◆ Task directions
With pictures omitted, restate the data word for word.

[Stored data — start]

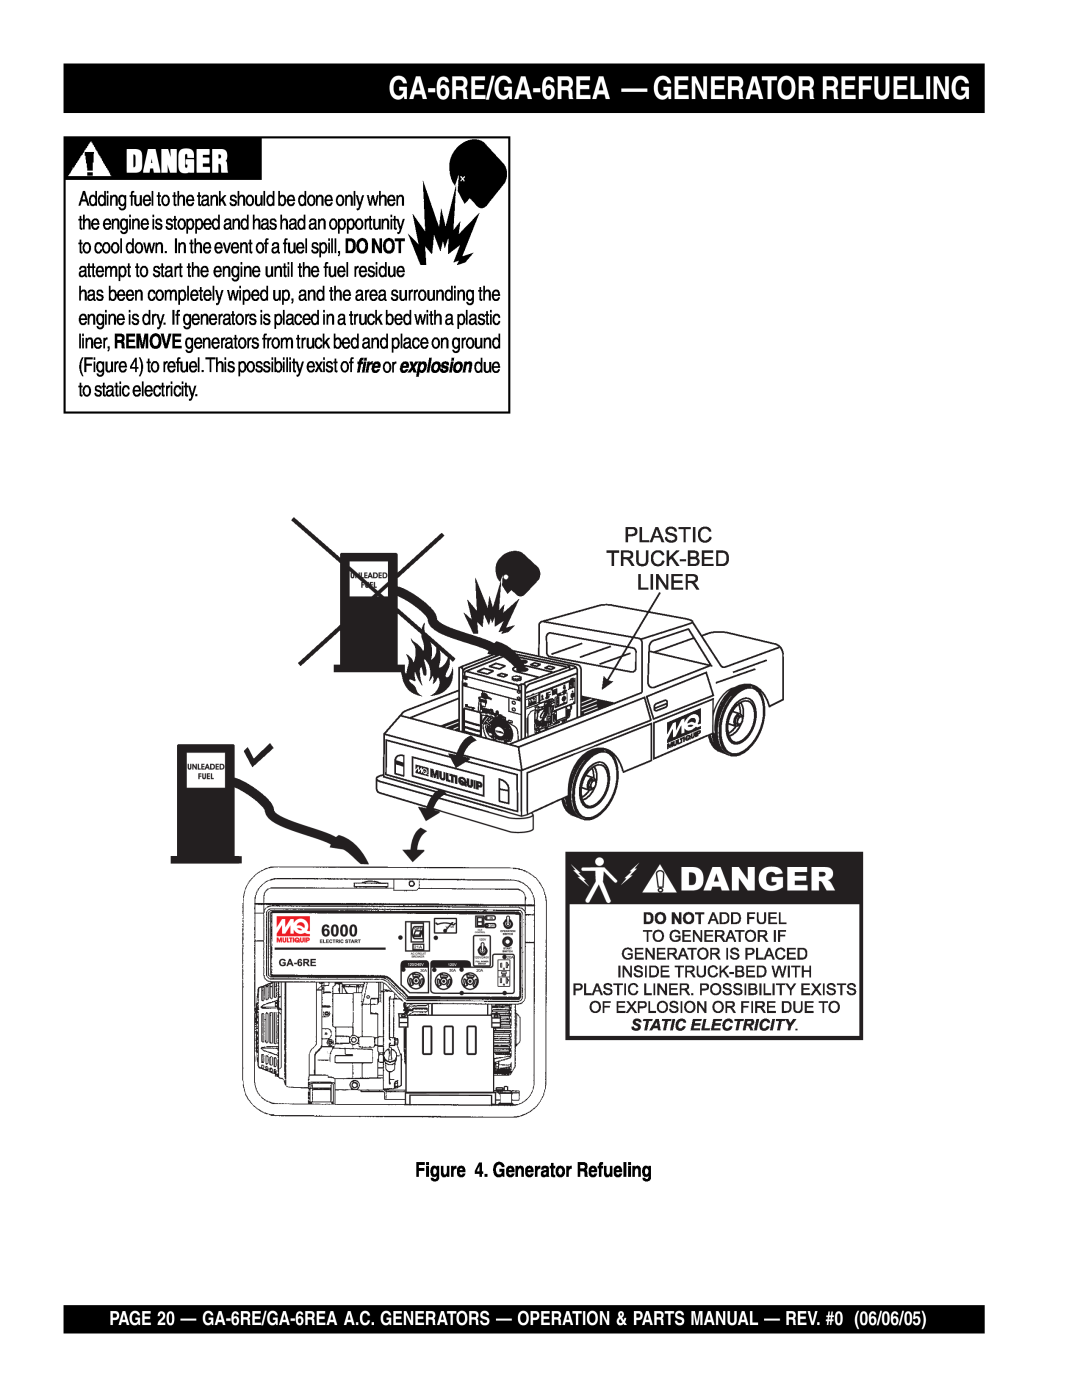 Multiquip manual GA-6RE/GA-6REA- GENERATOR REFUELING, Danger, Generator Refueling 
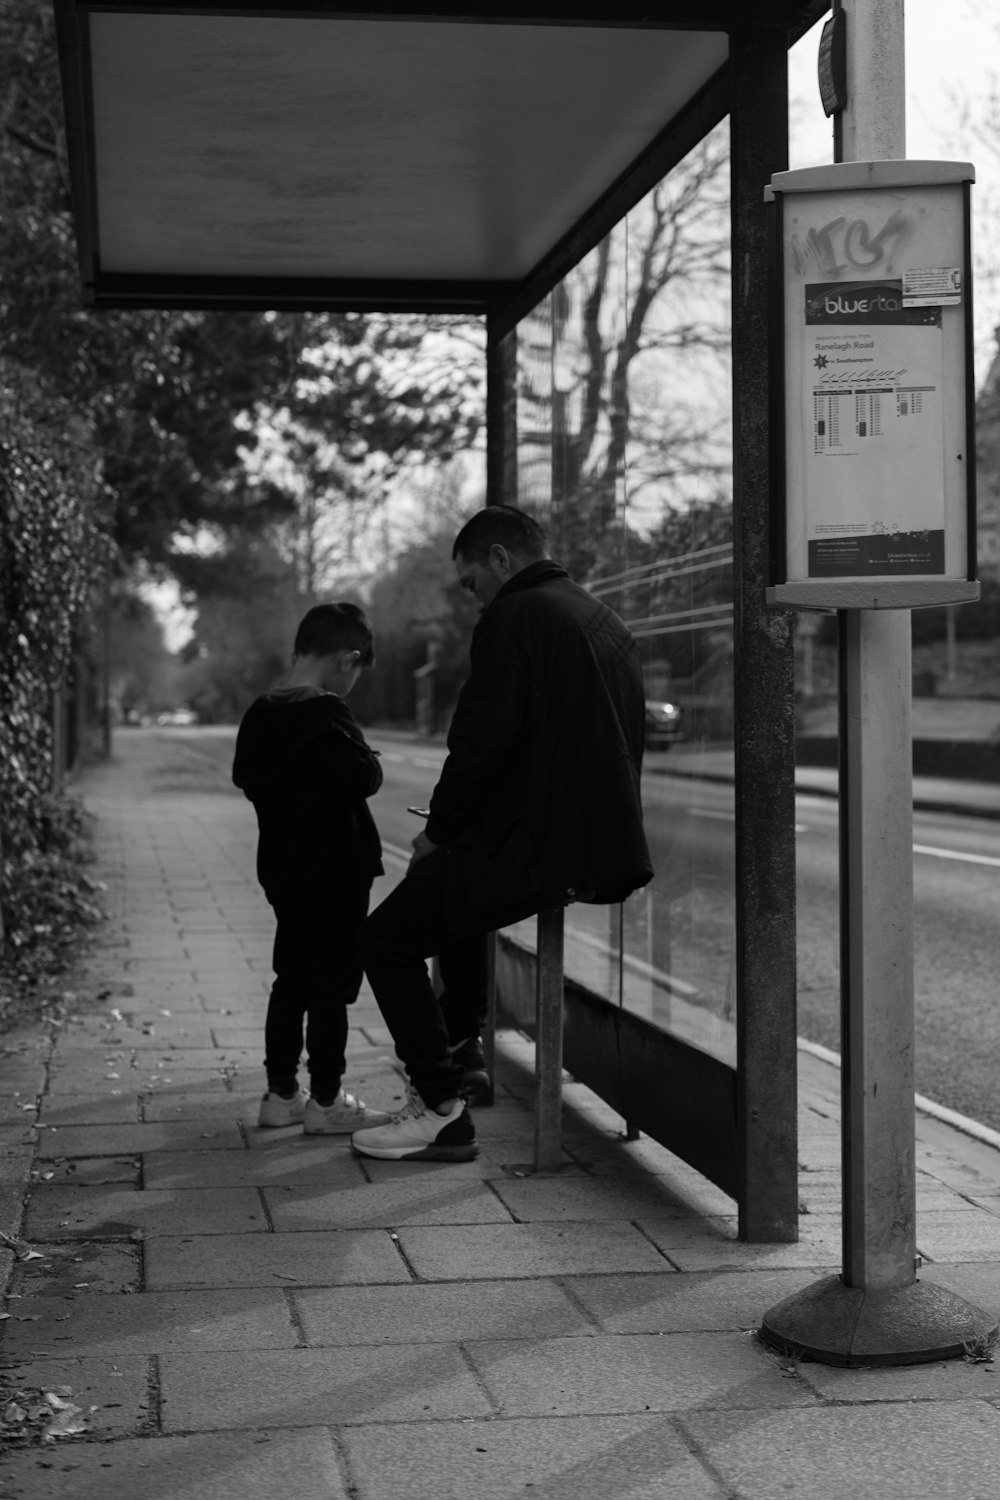 a man standing next to a little boy near a bus stop
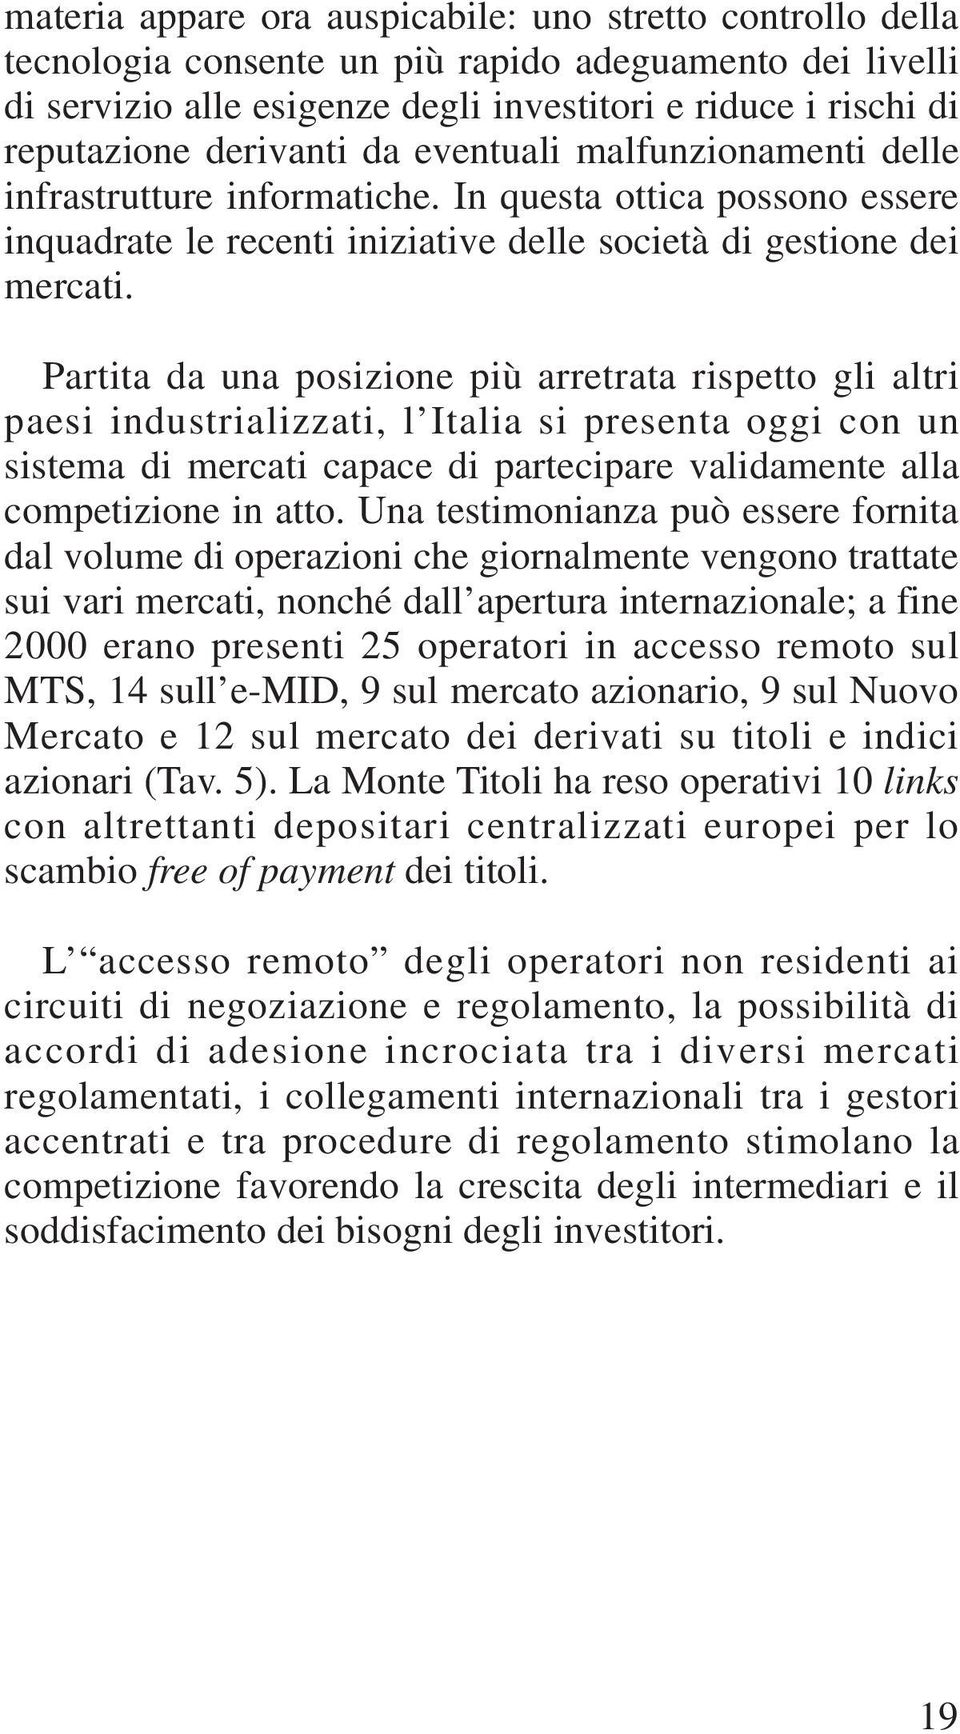 Partita da una posizione più arretrata rispetto gli altri paesi industrializzati, l Italia si presenta oggi con un sistema di mercati capace di partecipare validamente alla competizione in atto.

[Stored data — finish]

◆ Expected answer
 Multiquip manual GA-6RE/GA-6REA- GENERATOR REFUELING, Danger, Generator Refueling 
 a man standing next to a little boy near a bus stop
 Partita da una posizione più arretrata rispetto gli altri paesi industrializzati, l Italia si presenta oggi con un sistema di mercati capace di partecipare validamente alla competizione in atto.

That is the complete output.